Question

A point object O can move along vertical line AB as shown in the figure. When the image of the object is first visible to D then it is released at \[t=0\] from rest from A. The time for which object will remain visible from D is –
             

\[\begin{align}
  & \text{A) }\sqrt{\dfrac{6L}{g}} \\
 & \text{B) }\sqrt{\dfrac{2L}{g}} \\
 & \text{C) }\sqrt{\dfrac{3L}{g}} \\
 & \text{D) t}\to \text{ }\infty \\
\end{align}\]

Answer 1

Hint: We are given a system of plane mirror and an observer at a point between the object and the mirror. We need to find the relation that will help us understand the image formation and possibility of being observed at the given point.

Complete answer:
A vertical plane mirror of length L is kept in front of an observer at point D, which is at distance \[\dfrac{L}{2}\] from the mirror and the plane of object. The object is moving along the line AB as shown in the figure.
It is given that at a point along AB starting from one end, the image of the object becomes visible to the observer at D. We need to find how long will the image be visible for the observer at point D.

We can see from the figure below that we can derive a few conclusions from the triangle properties. The angles opposite to the sides of a triangle are equal, for a right-angled triangle, the angle will be \[{{45}^{0}}\]. Also, the converse of this theorem is valid.

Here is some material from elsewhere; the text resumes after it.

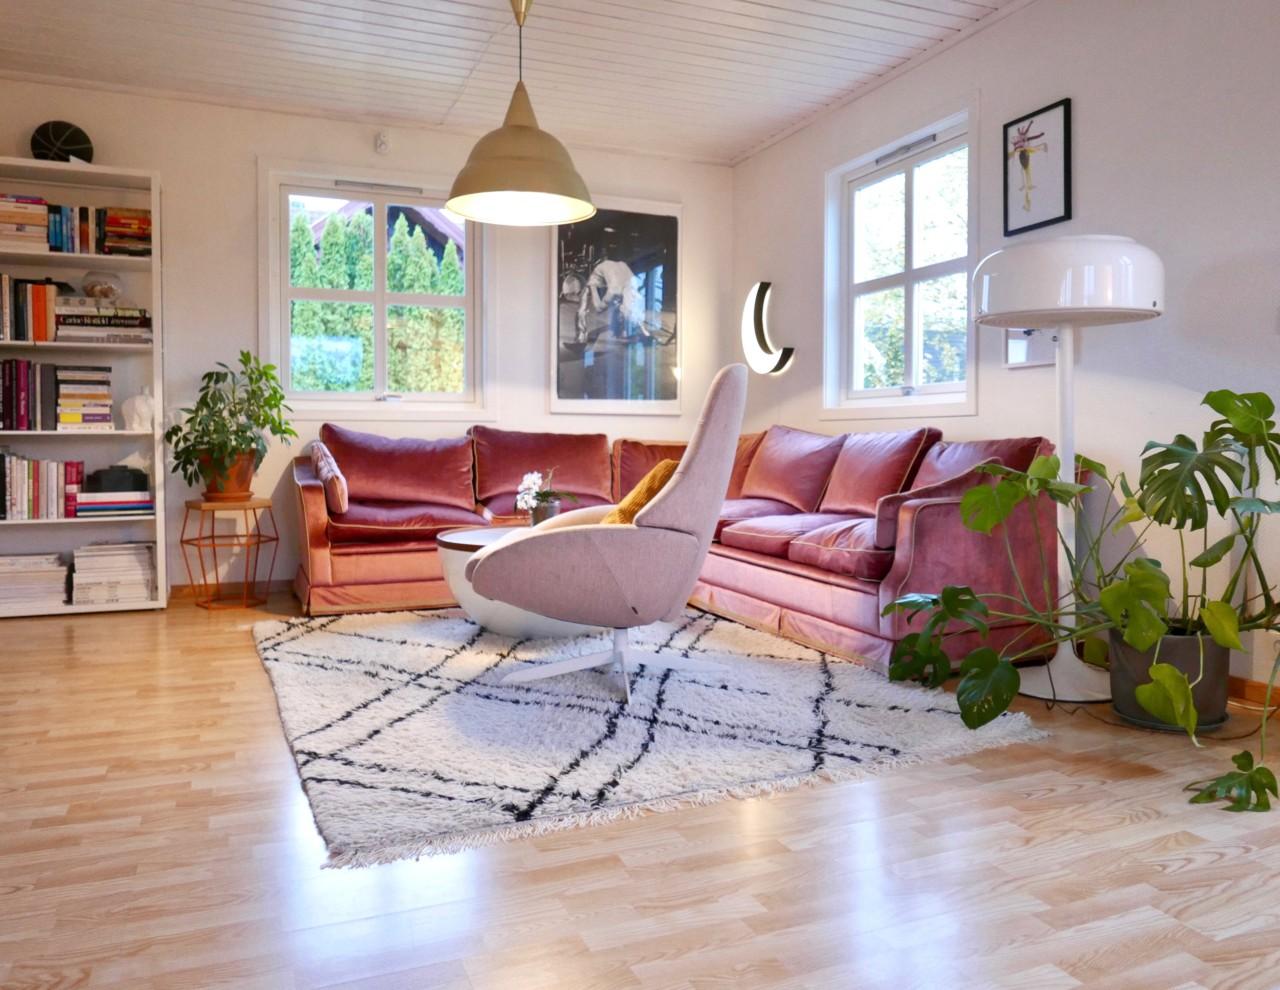 green-house-living-room-freska

We get the figure as per the conditions as shown below.
          

Now, we understand that the object will be visible at D between the area where the ray of reflection passes through the point D. The object can be viewed by the observer at D when it is in the length –
\[\begin{align}
  & {{L}_{eff}}=L+\dfrac{L}{2}+\dfrac{L}{2}+L \\
 & \Rightarrow {{L}_{eff}}=3L \\
\end{align}\]
Now, we can use the equation of motion in one dimension to solve the time duration for the image being visible at D.
\[\begin{align}
  & S=ut+\dfrac{1}{2}g{{t}^{2}} \\
 & \text{but, } \\
 & \text{initial velocity, }u=0 \\
 & \Rightarrow S=\dfrac{1}{2}g{{t}^{2}} \\
 & \Rightarrow t=\sqrt{\dfrac{2S}{g}} \\
\end{align}\]
In our problem, the total distance is given as 3L, so we can compute the time duration as –
\[\begin{align}
  & t=\sqrt{\dfrac{2S}{g}} \\
 & \Rightarrow t=\sqrt{\dfrac{2.3L}{g}} \\
 & \therefore t=\sqrt{\dfrac{6L}{g}} \\
\end{align}\]
The time for which the object will be visible at the point D is \[\sqrt{\dfrac{6L}{g}}\].

The correct answer is option A.

Note:
We have used the triangle property in the whole solution. The sides of a triangle can be equal if the opposite angles of these sides are equal. The length of the sides should be considered carefully to avoid confusion between the two lengths.